En 2019, une nouvelle station d’Eddy Covariance atmosphérique a été acquise au LER-PC via le projet PAMPAS et installée au sein de la RNN de Lilleau des Niges dans les prés salés des Bossys perdus depuis juin 2019 (voir Figure). Cette technique micrométéorologique largement utilisée dans les écosystèmes terrestres est particulièrement appropriée dans la mesure des flux verticaux de CO2 dans des systèmes aquatiques hétérogènes et variables comme les systèmes littoraux de type marais salés, lagunes intertidales (Kathilankal et al. 2008, Artigas et al. 2015, Polsenaere et al. 2012). Cette technique permet d’obtenir à très haute fréquence des chroniques temporelles de flux de CO2 en continu aux deux interfaces (sédiment-air et eau-air), de manière non intrusive et à l’échelle de l’écosystème (Aubinet et al. 2000, Baldocchi 2003). Cette méthode nécessite par ailleurs un travail important lors des déploiements in situ (i.e. en zone tidale) mais aussi dans l’analyse quantitative et qualitative (tests statistiques, analyses (co)spectrales, corrections fréquence) des données brutes mesurées.

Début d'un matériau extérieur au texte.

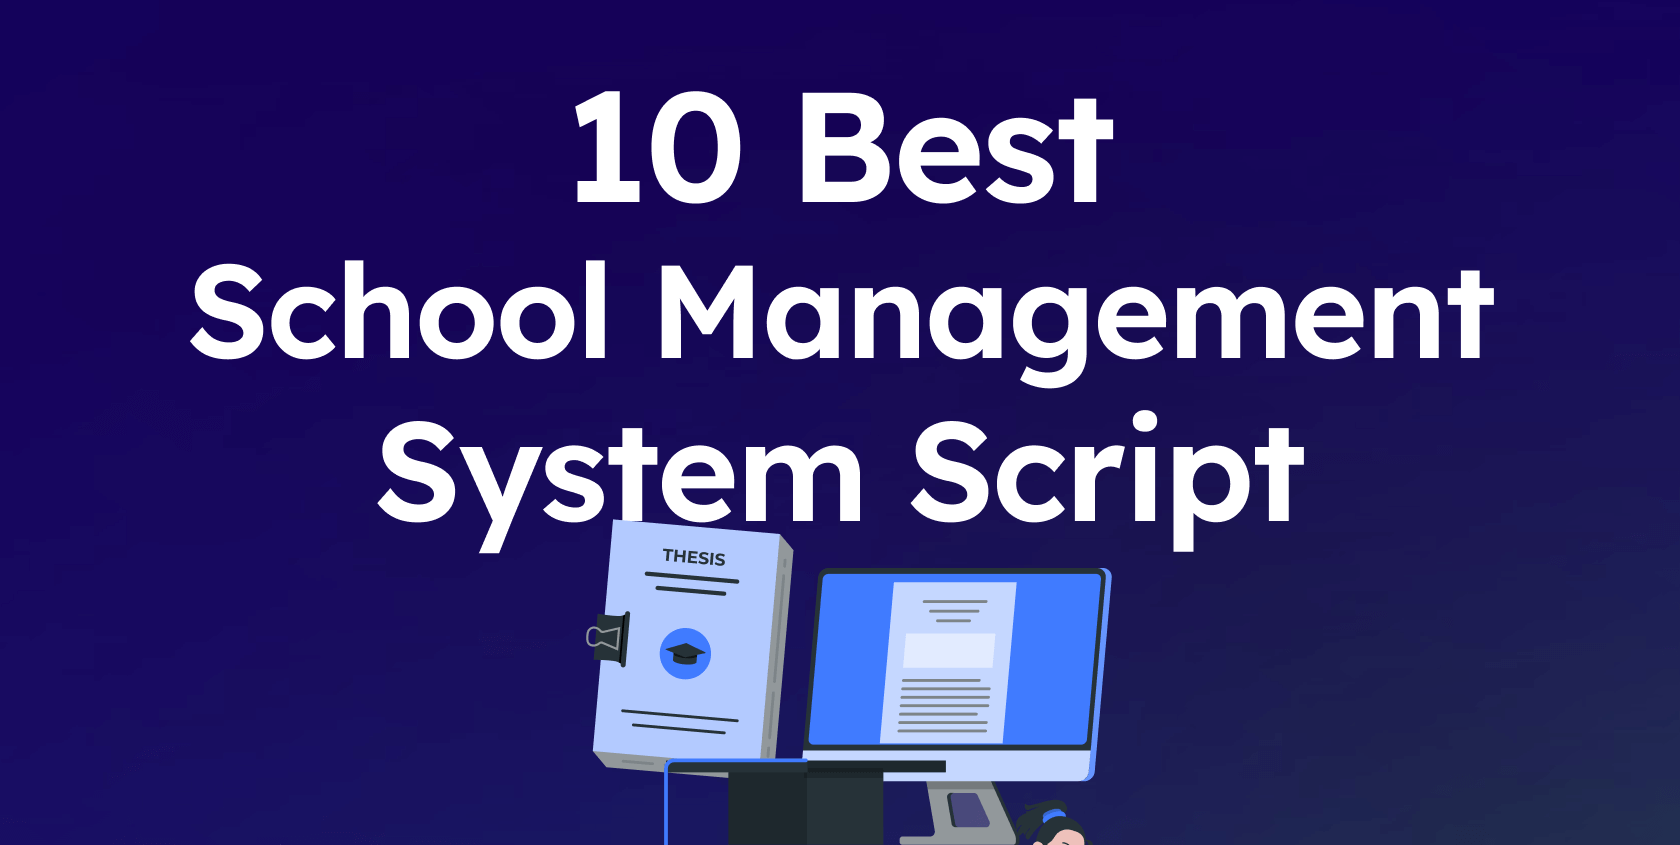 10 Best School Management System Scripts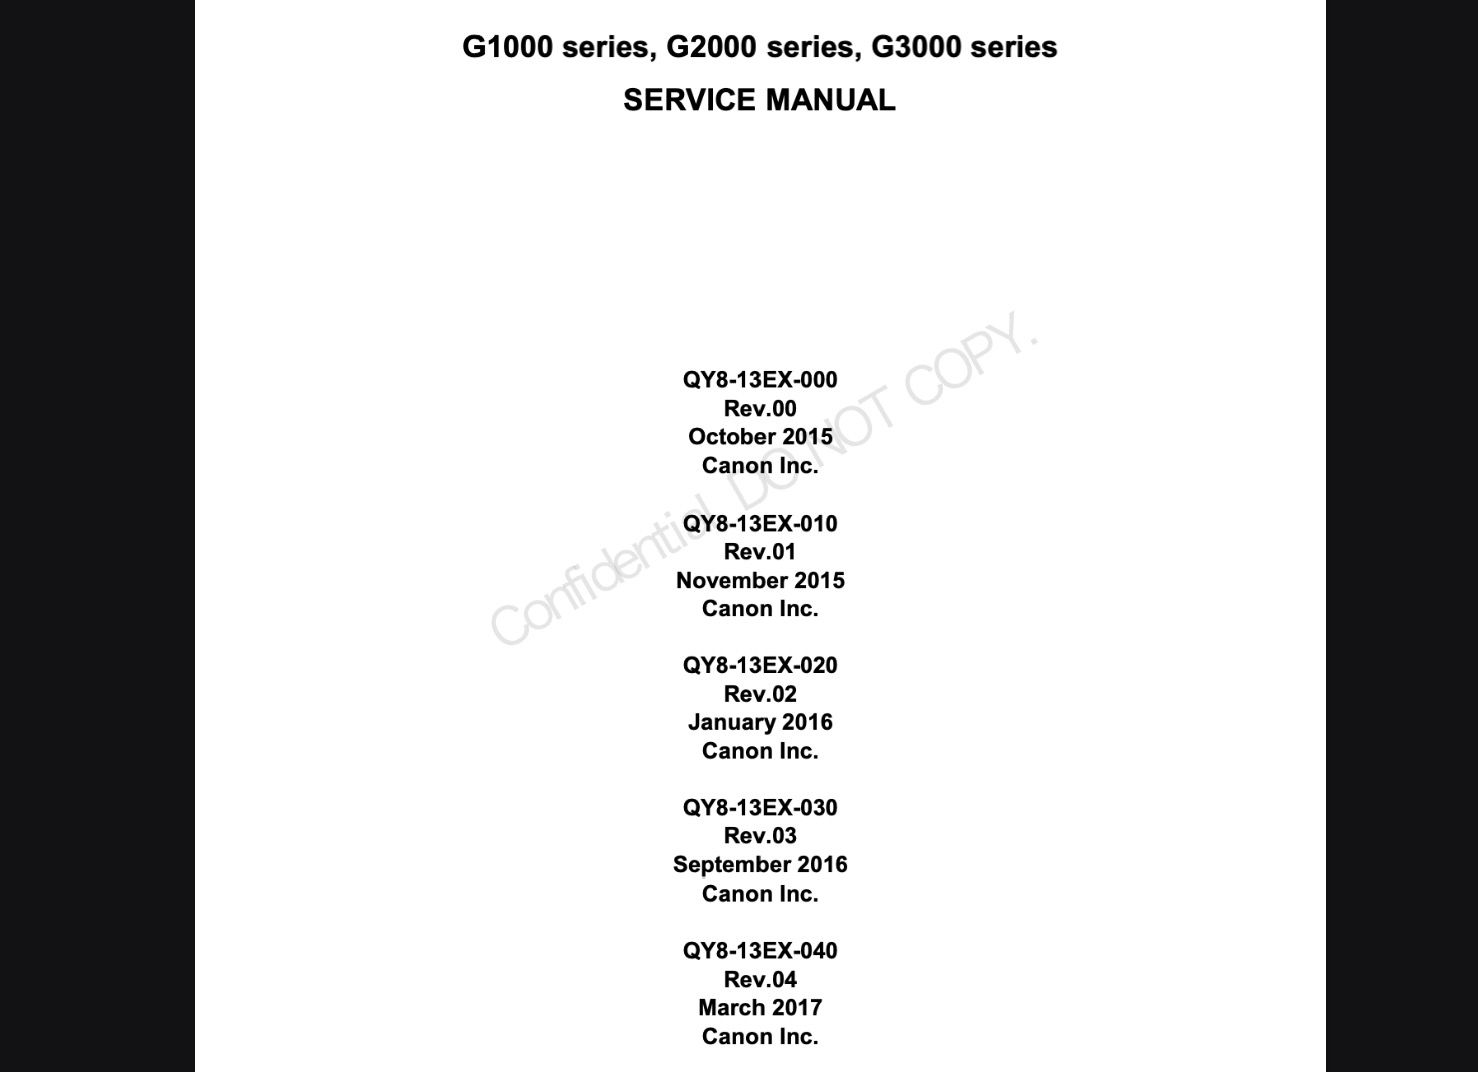 CANON G1000 Series, G2000 Series, G3000 Series printers Service Manual

Cette étude est notamment effectuée en collaboration entre le LER-PC et l'équipe associée de l’INRAe Mécanique Environnementale (ME) de l’UMR Interaction Sol Plante Atmosphère (ISPA), spécialistes des processus écologiques et biogéochimiques et des mesures de flux turbulents ainsi que les gestionnaires de la RNN de Lilleau des Niges (LPO). Ces mesures directes de flux de CO2 viendront donc complétées nos estimations de flux à l’interface eau-atmosphère à partir des mesures de pCO2 dans l’eau décrites précédemment. Une thèse Ifremer coencadrée par le LER-PC, DYNECO-PELAGOS et le LER-PC se focalisera sur l’ensemble de ces aspects liés au métabolisme et à la dynamique du carbone des marais à partir de l’automne 2020. En parallèle à partir de 2021, un projet de post-doctorat également financé par l’Ifremer s’intéressera plus spécifiquement à cette dynamique dans les sols de marais.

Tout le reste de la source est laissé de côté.